There is evidence of the situation described in paragraph 4(b)(i). The Panel does not concern itself with the enforcement of the voluntary transfer agreement and does not have to decide whether the consideration paid (the allegedly used mobile phone) was in fact what was agreed upon. However, the contents and tone of email exchanges between the parties shows the willingness of the Respondent to sell what he perceived to a valuable domain name for a sum far in excess of out-of-pocket costs directly related to the domain name.
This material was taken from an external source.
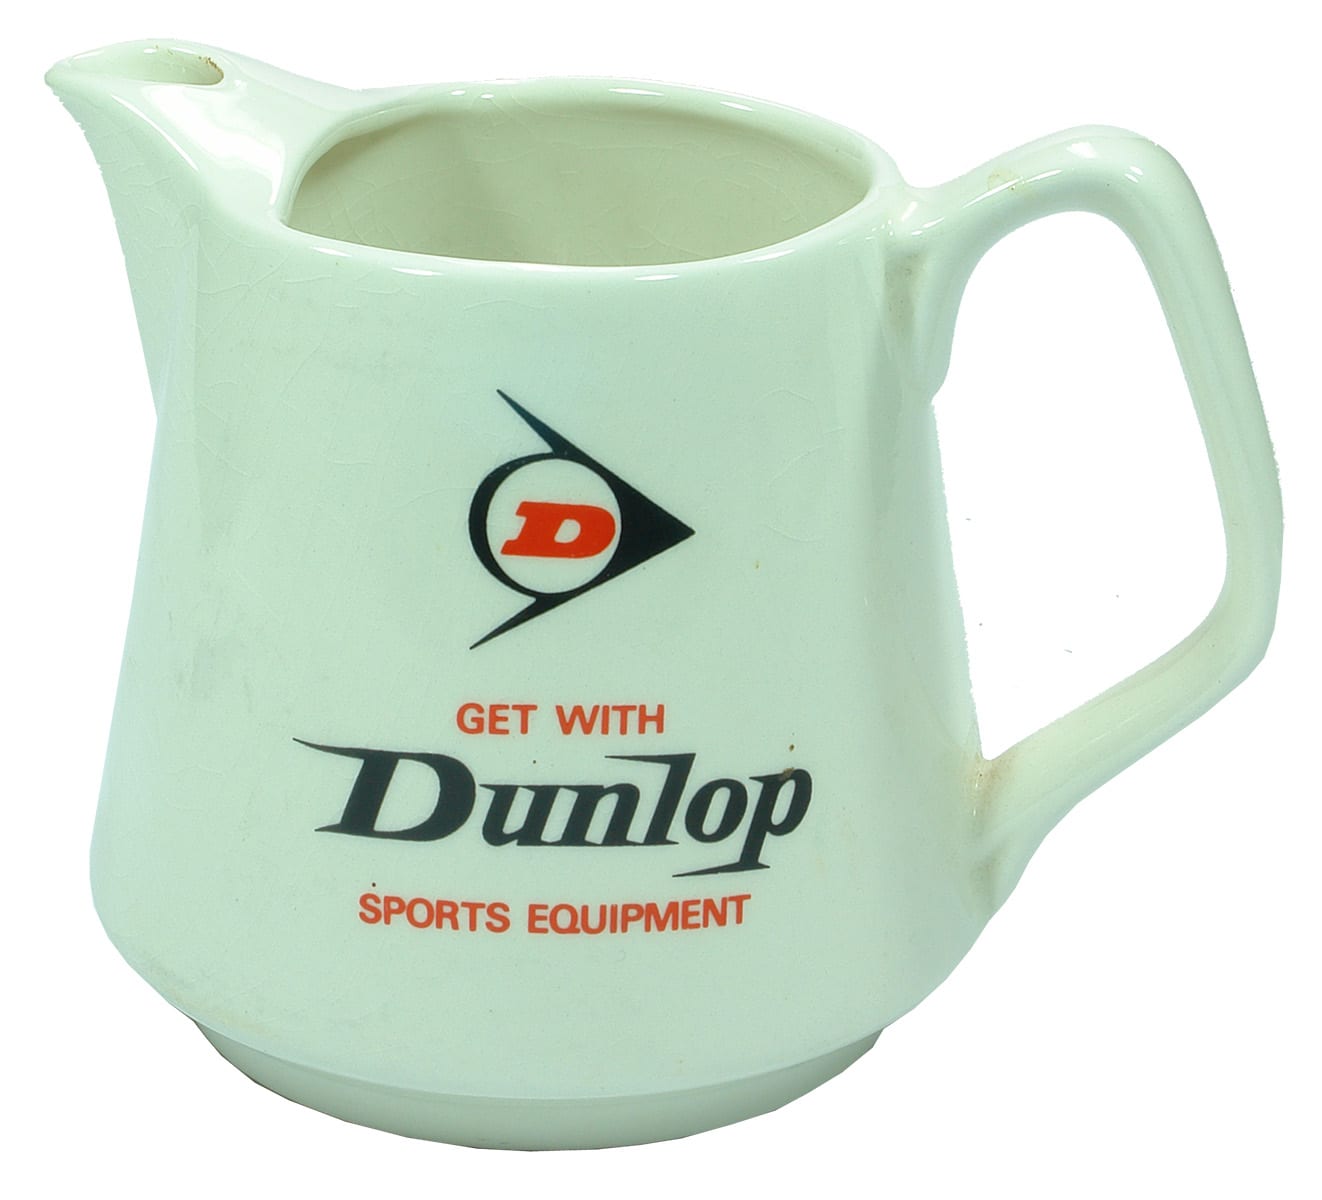 Dunlop Sports Equipment Advertising Water Jug

A number of decisions under the Policy stand for the proposition that in respect of famous marks, which have a higher level of protection in international intellectual property agreements (see e.g., Article 16(2) and (3) of the TRIPS Agreement),factors that have been considered under the third element include whether the person who registers a confusingly similar domain name has provided any evidence of good faith use or preparations for good faith use of the domain name, and whether there is any plausible actual or contemplated active use of the domain name by the respondent that would not be infringing to the Complainant’s marks. See Pharmacia & Upjohn AB v. Dario H. Romero, WIPO Case No. D2000-1273; Advanced Micro Devices, Inc. v. [No Name], WIPO Case No. D2000-0515; Telstra Corporation, Limited v. Nuclear Marshmallows, WIPO Case No. D2000-0003; Encyclopedia Britannica, Inc. v. John Zuccarini and the Cupcake Patrol a/k/a Country Walk a/k/a Cupcake Party, WIPO Case No. D2000-0330; eBay Inc. v. Sunho Hong, WIPO Case No. D2000-1633 and Ellerman Investments Limited and The Ritz Hotel Casino Limited v. Antonios Manessis (trading as .com and manessis.com), WIPO Case No. D2001-1461. In the present case there is no evidence establishing good faith use or preparations for such of the disputed domain name, and it is difficult to conceive of any plausible actual or contemplated active use of the domain name by the Respondent that would not be infringing to the Complainant’s marks.
Accordingly, the Panel finds for the Complainant on this third element of the test.
For all the foregoing reasons, in accordance with Paragraphs 4(i) of the Policy and 15 of the Rules, the Panel orders that the domain name, <sony-ericsson.cc> be transferred to the Complainant.